At the Reading/Services sync a standalone Python service seemed to be the consensus option. It's superior from a security and scalability POV, but it would also expand the timeline of the project a bit, I imagine.
That raises the question: Services is considering replacing Electron with headless Chrome (T172815) and the latter is easily available in Python as well, so should that Python service become the replacement for Electron? @GWicke any thoughts?

(Re: the option of a Python package in T171965#3547239, I think that's orthogonal. Whether we end up with a Python script or web service or precompiled executable, the nice approach is definitely to separate the actual postprocessing logic into a package.)

@Tgr, at first sight it looks like there are reasonable python bindings for headless Chrome as well. Combined with the PDF post-processing library you have been testing, I could see a simple python service doing both pre/postprocessing and actual rendering work well.
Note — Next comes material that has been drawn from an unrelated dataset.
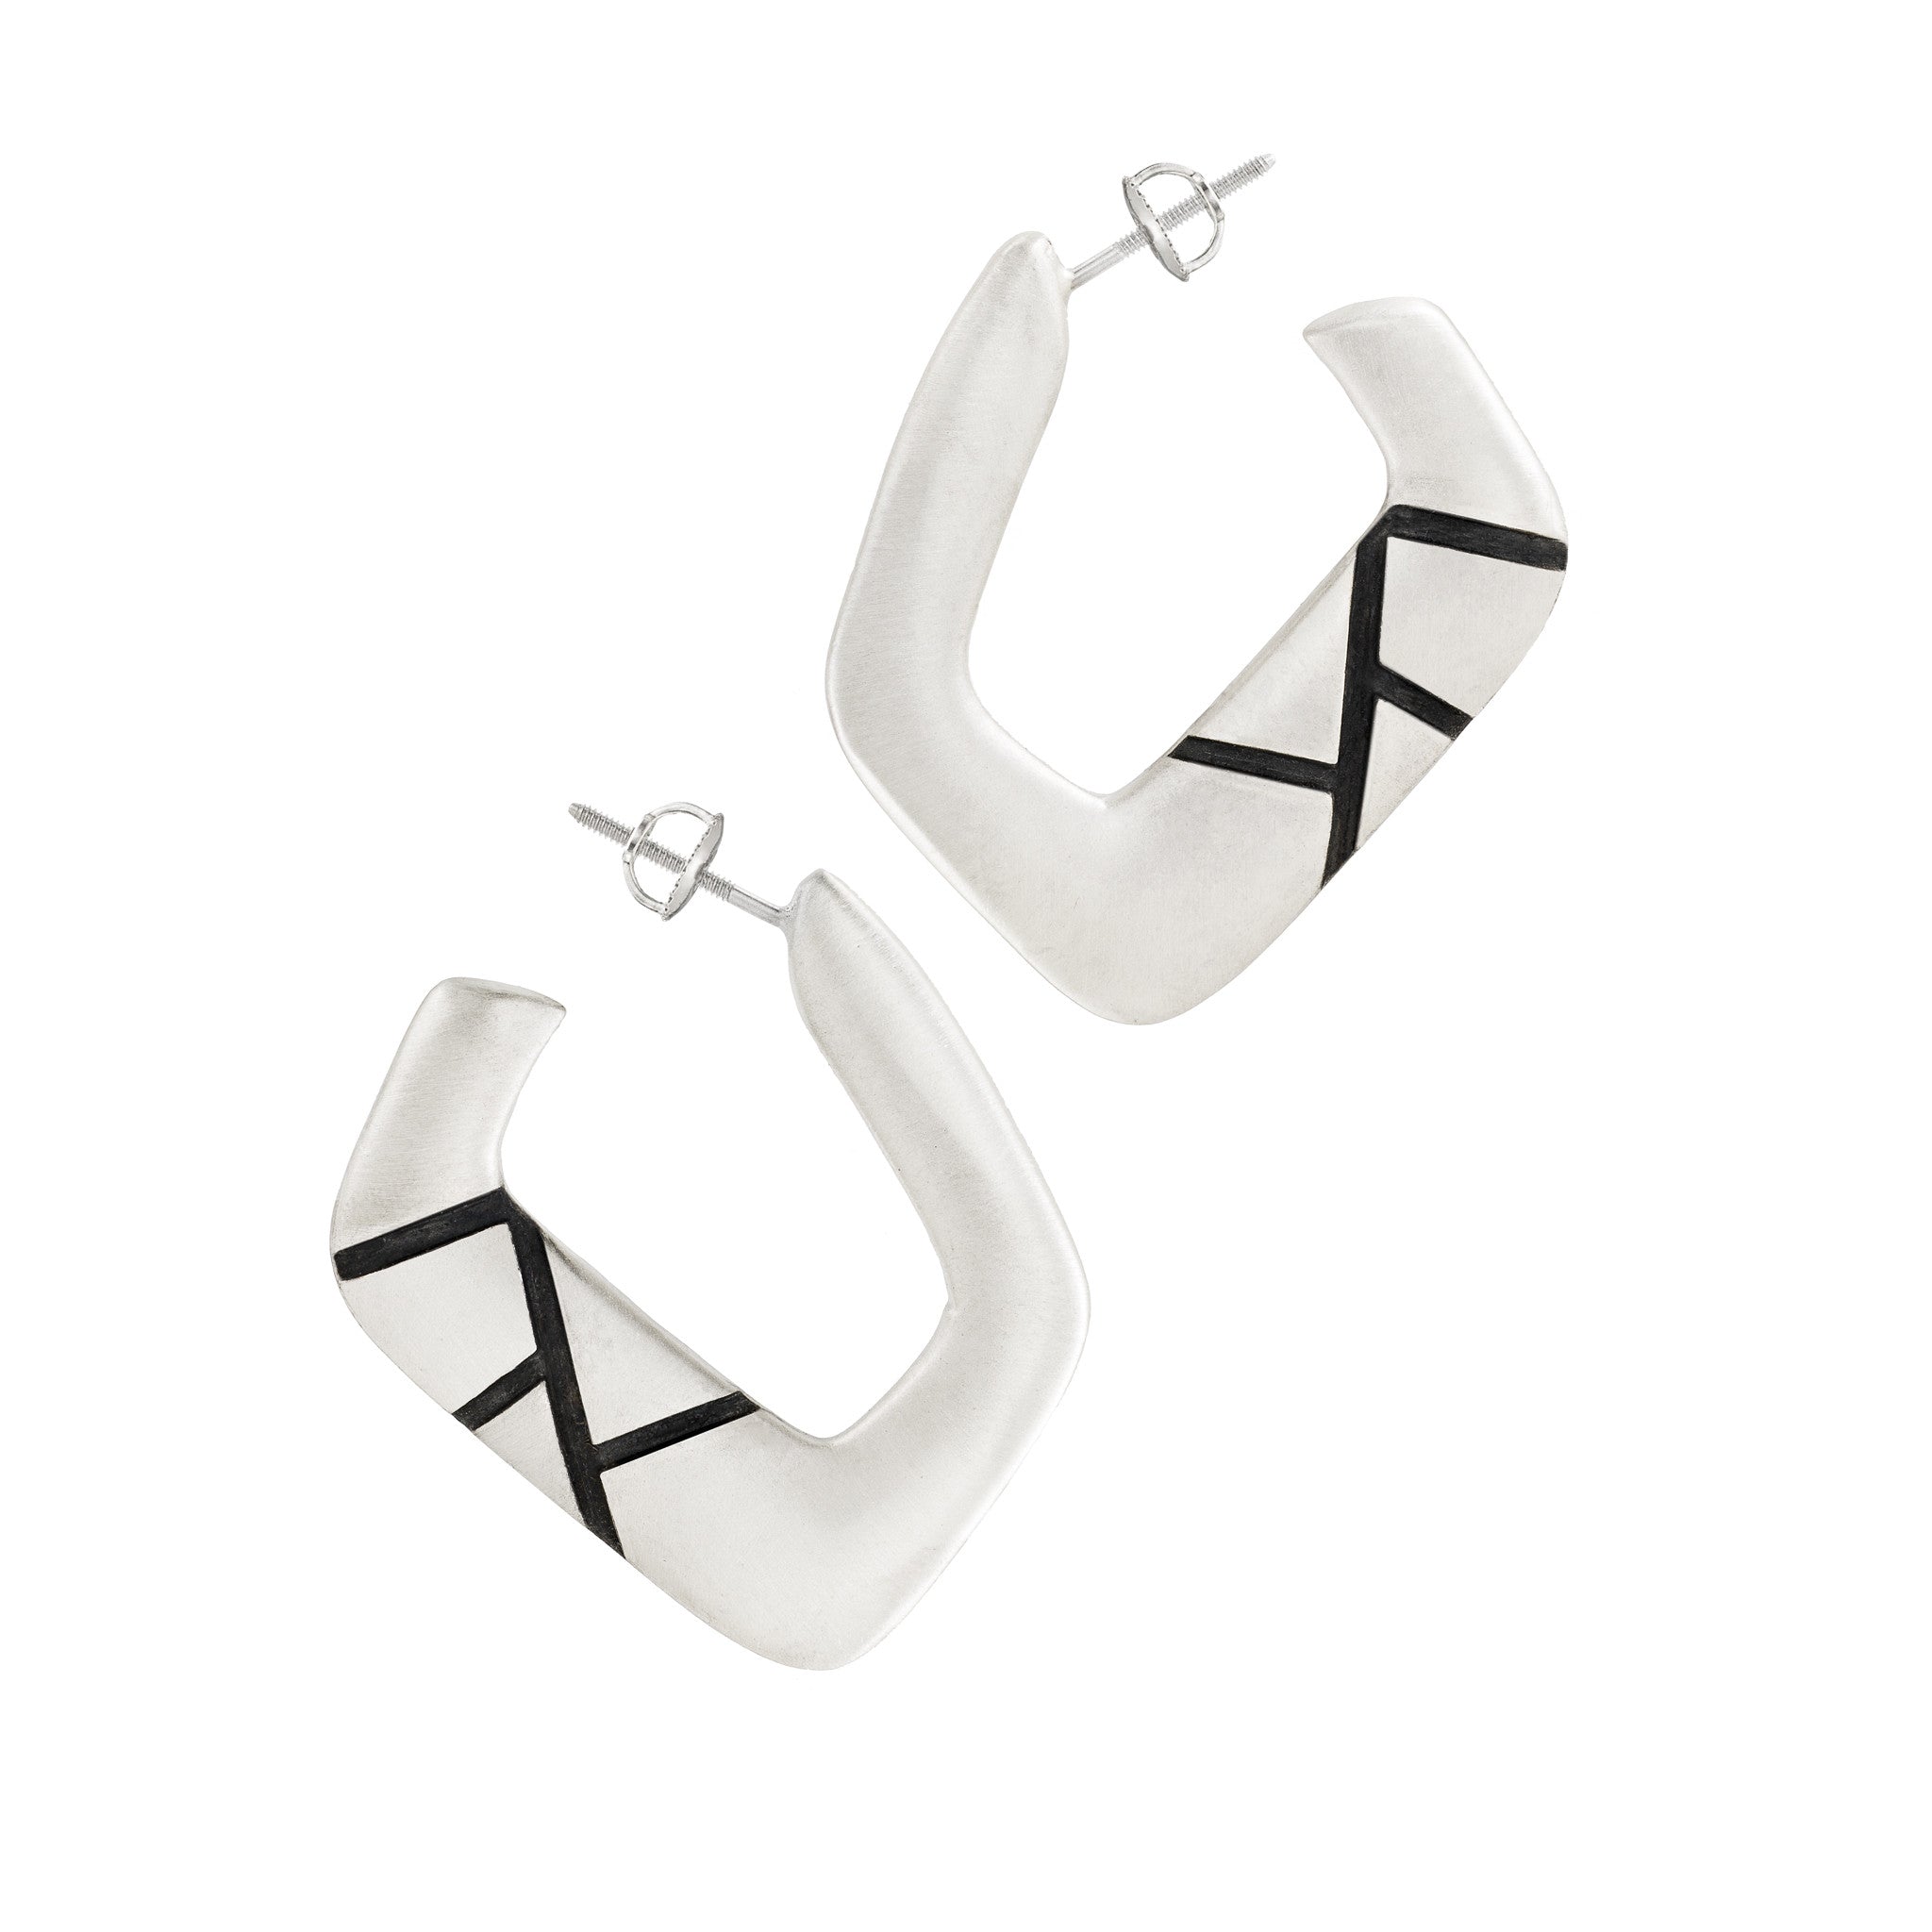 Asymmetrical Hoop Earrings: Satin

The service portion of either option is trivial in any case, and all the heavy lifting is in the libraries & Chrome.

This service would be locked down inside firejail, ideally without write access to the local filesystem, and can be restricted at the network level to only allow access public resources.

This is the control flow as proposed now:

  1. MediaWiki requests HTML of pages from RESTBase
    • RESTBase might fall back to Parsoid if not cached; Parsoid partially relies on the PHP API for rendering
  2. MediaWiki concatenates the pages into a single document ('concatenate' is a bit misleading; this requires parsing the HTML)
  3. MediaWiki POSTs the HTML to Electron (mediawiki/services/electron-render; RESTBase and ElectronPdfRender cannot be used as do not expose rendering arbitrary HTML, for obvious reasons)
  4. Electron responds with a PDF file
  5. MediaWiki shells out to Python which does some post-processing on the PDF file
  6. MediaWiki returns the PDF to the user.
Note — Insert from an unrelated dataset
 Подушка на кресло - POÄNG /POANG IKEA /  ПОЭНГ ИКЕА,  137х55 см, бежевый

Thanks for the thorough explanation.

At the Reading/Services sync a standalone Python service seemed to be the consensus option. It's superior from a security and scalability POV, but it would also expand the timeline of the project a bit, I imagine.
That raises the question: Services is considering replacing Electron with headless Chrome (T172815) and the latter is easily available in Python as well, so should that Python service become the replacement for Electron? @GWicke any thoughts?

(Re: the option of a Python package in T171965#3547239, I think that's orthogonal. Whether we end up with a Python script or web service or precompiled executable, the nice approach is definitely to separate the actual postprocessing logic into a package.)

If we decide to develop a service, I'd go the same way we went with ORES, creating a repository with wheels to deploy to a virtualenv, then serve the application via uwsgi.

This service would replace the current electron pdf renderer as well on the medium/long run, right?

This service would replace the current electron pdf renderer as well on the medium/long run, right?

Yes, and in doing so would resolve T172815 as well.

Thanks everyone for comments. Looks like the decision is to do this in a separate Python service.

AFAICT all technical stakeholders (Ops, RelEng, and Services) are satisfied that building the post-processing step as a stateless web service is the correct way to proceed.

If we decide to develop a service, I'd go the same way we went with ORES, creating a repository with wheels to deploy to a virtualenv, then serve the application via uwsgi.

Any links documentation about that process would be appreciated!

This service would replace the current electron pdf renderer as well on the medium/long run, right?

Readers Web/Infra and Services have yet to talk this through.